The team had an advantage because Husni had worked on the original LIGO project when he was studying at Glasgow University as part of a scientific collaboration. “While I mostly worked on data analysis at that time, I wanted to experience some of LIGO’s engineering challenges,” he says, of which one is creating an interferometer (magpi.cc/ligoifm) for highly detailed analysis work. For example, CalTech’s LIGO interferometers can measure a distance 1/10,000th the width of a proton!

“LIGO is an extremely expensive and large-scale experiment,” says Husni, and some major decisions were needed about how to create a prototype cost-effectively. With the aim of building the miniLIGO project for less than $1000, it was clear that some compromises would be needed, while mimicking the original LIGO concept as closely as possible.

“LIGO has an extremely accurate damping system that works to shield it from vibrations and seismic changes,” Husni explains. “We considered using a six-axes motion sensor as a low-cost alternative, and to correct the signal computationally using the sensor, but ultimately decided to leave it out as we deemed that it would not be a good use of time and resources as stronger sources of noise would still dominate the signal.” 
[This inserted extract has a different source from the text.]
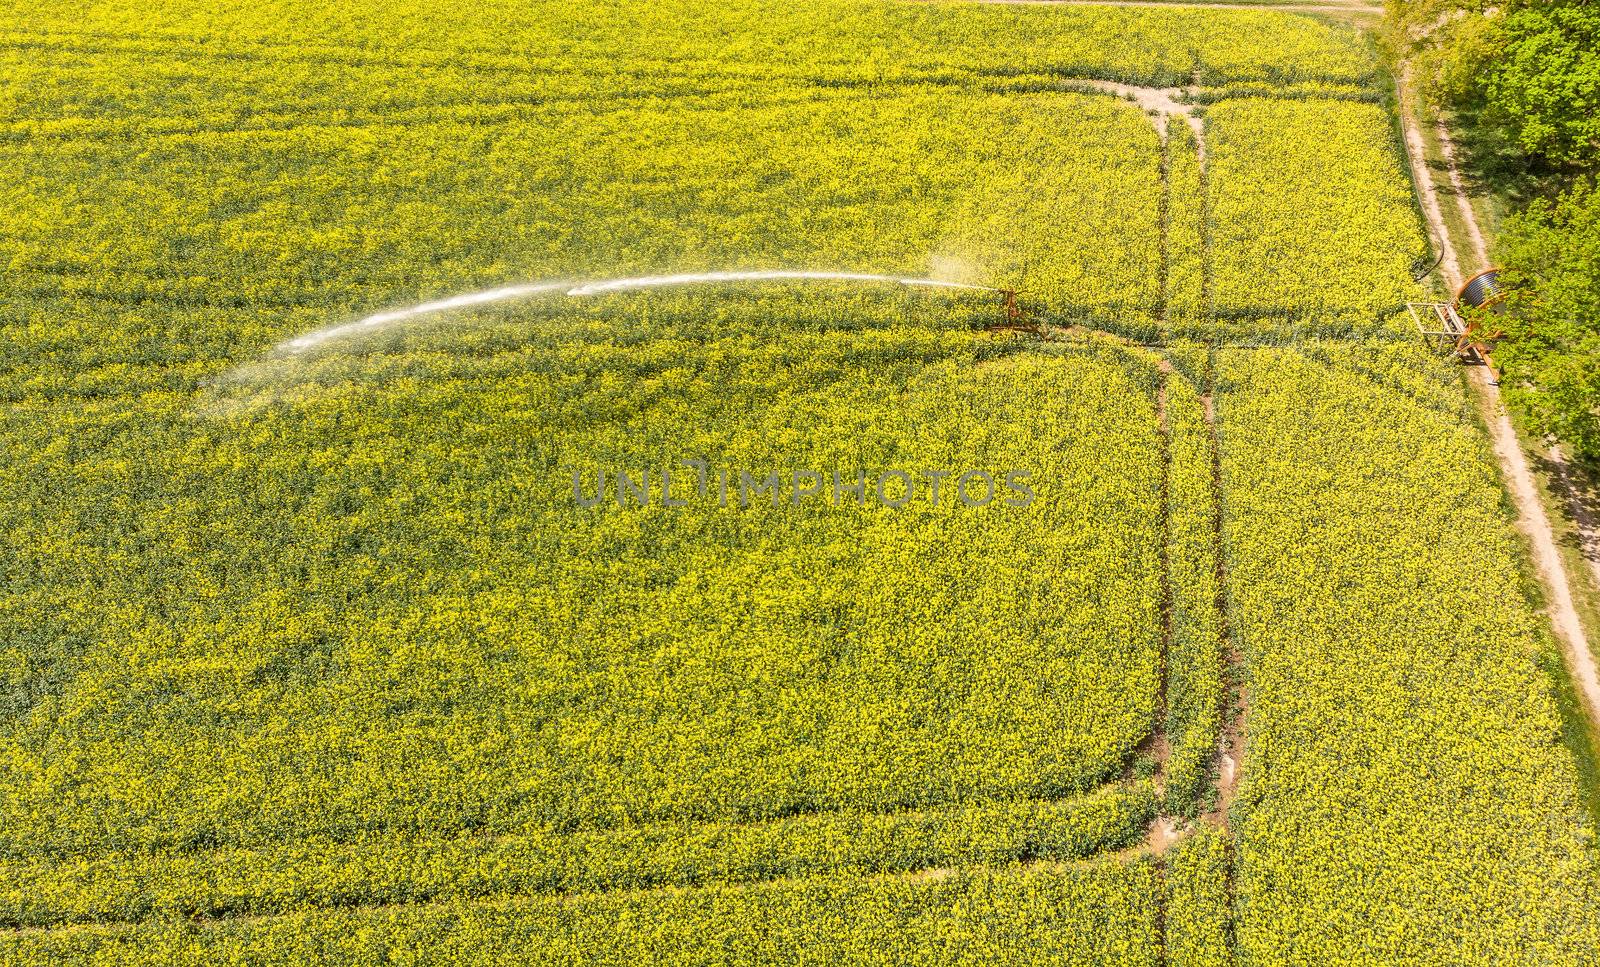 Aerial view of a yellow flowering field with rape and a sprinkler system for irrigation of the field by geogif

Having used microcontrollers and Raspberry Pi for wearable computing and music-based projects, the possibilities of single-board computers were clear. (One of the other projects you’ll find on the husni.space website is a graphical tablet that makes music with a corresponding artistic visualisation.) “Raspberry Pi allows us to easily connect all the pieces of the project, and has enough processing power to do signal processing in real time,” he says. Raspberry Pi provides easy interaction with the light sensor, while also having plenty of processing power to analyse and process wave signals in real-time. It also meant the project could be portable – the team successfully ran miniLIGO from a battery pack.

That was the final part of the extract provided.